Zhang Z, Bondarchuk O, Kay Bruce D, White J M, Dohnalek Z
Department of Chemistry and Biochemistry, Center for Materials Chemistry, University of Texas at Austin, Texas 78712, USA.
J Phys Chem B. 2006 Nov 2;110(43):21840-5. doi: 10.1021/jp063619h.
Identical regions of partially reduced TiO2(110) surfaces with bridge-bonded oxygen vacancy (BBO(V)) concentrations of approximately 10% ML (1 ML = 5.2 x 10(14) cm(-2)) were imaged using scanning tunneling microscopy (STM) before and after dosing H2O at ambient temperature (approximately 300 K). Atomically resolved images confirm that H2O adsorbs dissociatively on the BBO(V) sites, producing two hydroxyl species, one positioned at BBO(V) and denoted OH(V) and the other, denoted OH(B), formed by protonation at either of the two nearest-neighbor bridge-bonded oxygen atoms. Hydrogen hopping along the [001] direction is observed at ambient temperature, with a strong preference for OH(B) (approximately 10x) hydrogen motion. This powerful imbalance demonstrates the inequality of OH(V) and OH(B) and suggests differences in their charge and/or binding configuration.
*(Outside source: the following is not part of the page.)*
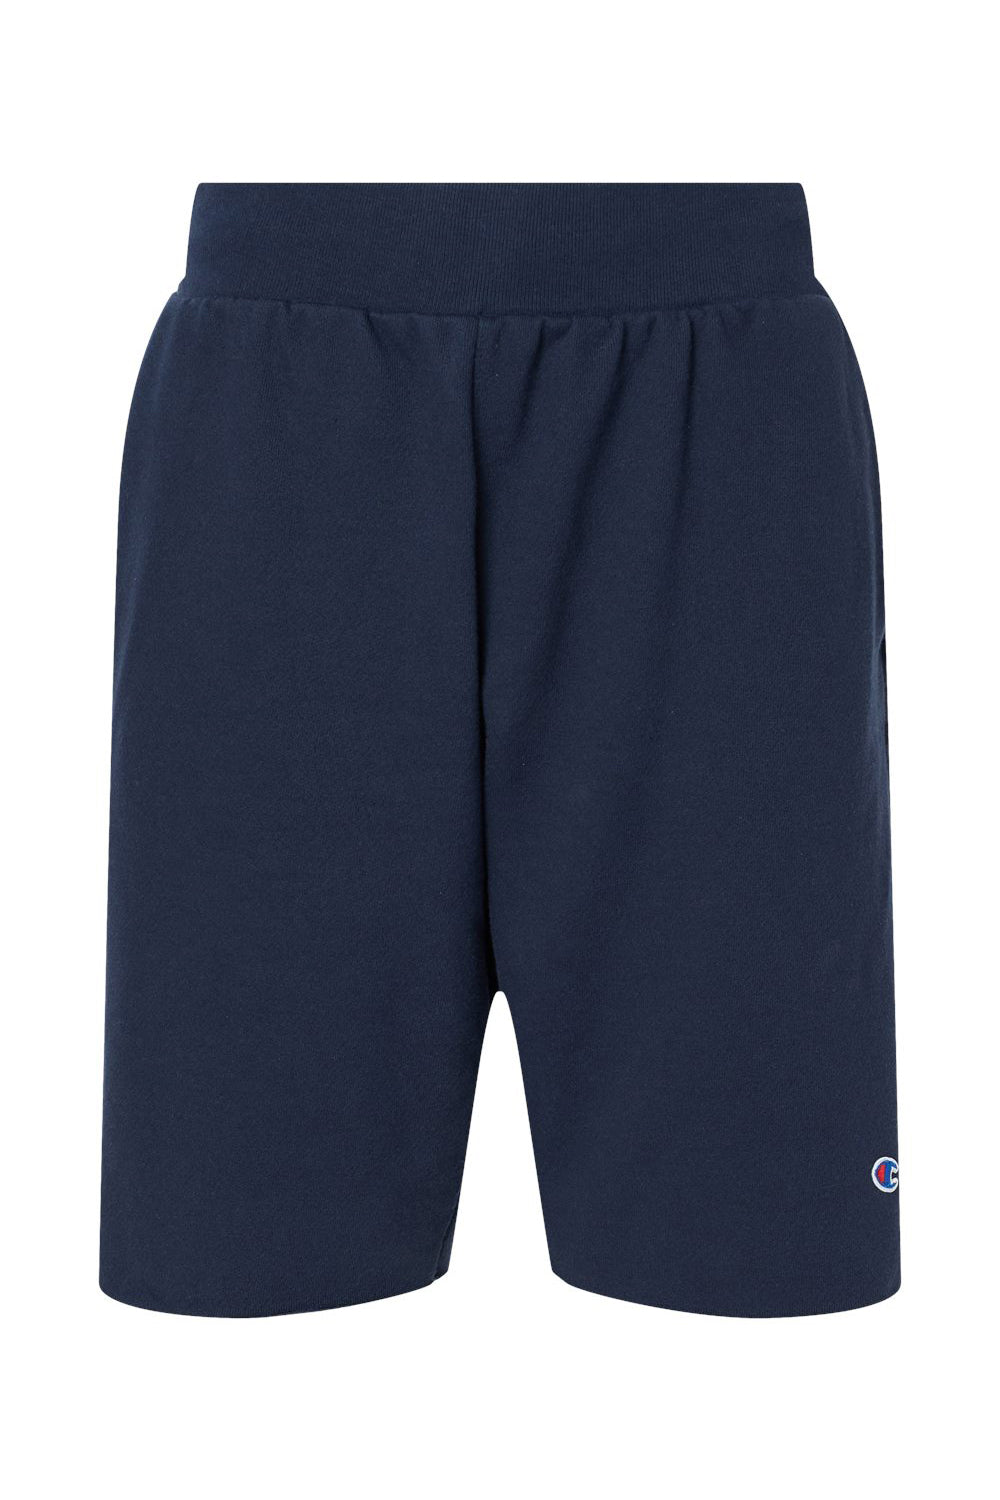 Champion RW26 Mens Reverse Weave Shorts w/ Pockets Navy Blue Flat Front

使用扫描隧道显微镜(STM)对具有约10%单层(1单层 = 5.2×10¹⁴ cm⁻²)桥连氧空位(BBO(V))浓度的部分还原TiO₂(110)表面的相同区域在室温(约300 K)下注入H₂O之前和之后进行成像。原子分辨图像证实,H₂O在BBO(V)位点上发生解离吸附,产生两种羟基物种,一种位于BBO(V)处,记为OH(V),另一种记为OH(B),是由两个最近邻桥连氧原子之一的质子化形成的。在室温下观察到氢沿[001]方向跳跃,强烈倾向于OH(B)(约10倍)的氢运动。这种强烈的不平衡表明了OH(V)和OH(B)的不平等,并暗示了它们电荷和/或结合构型的差异。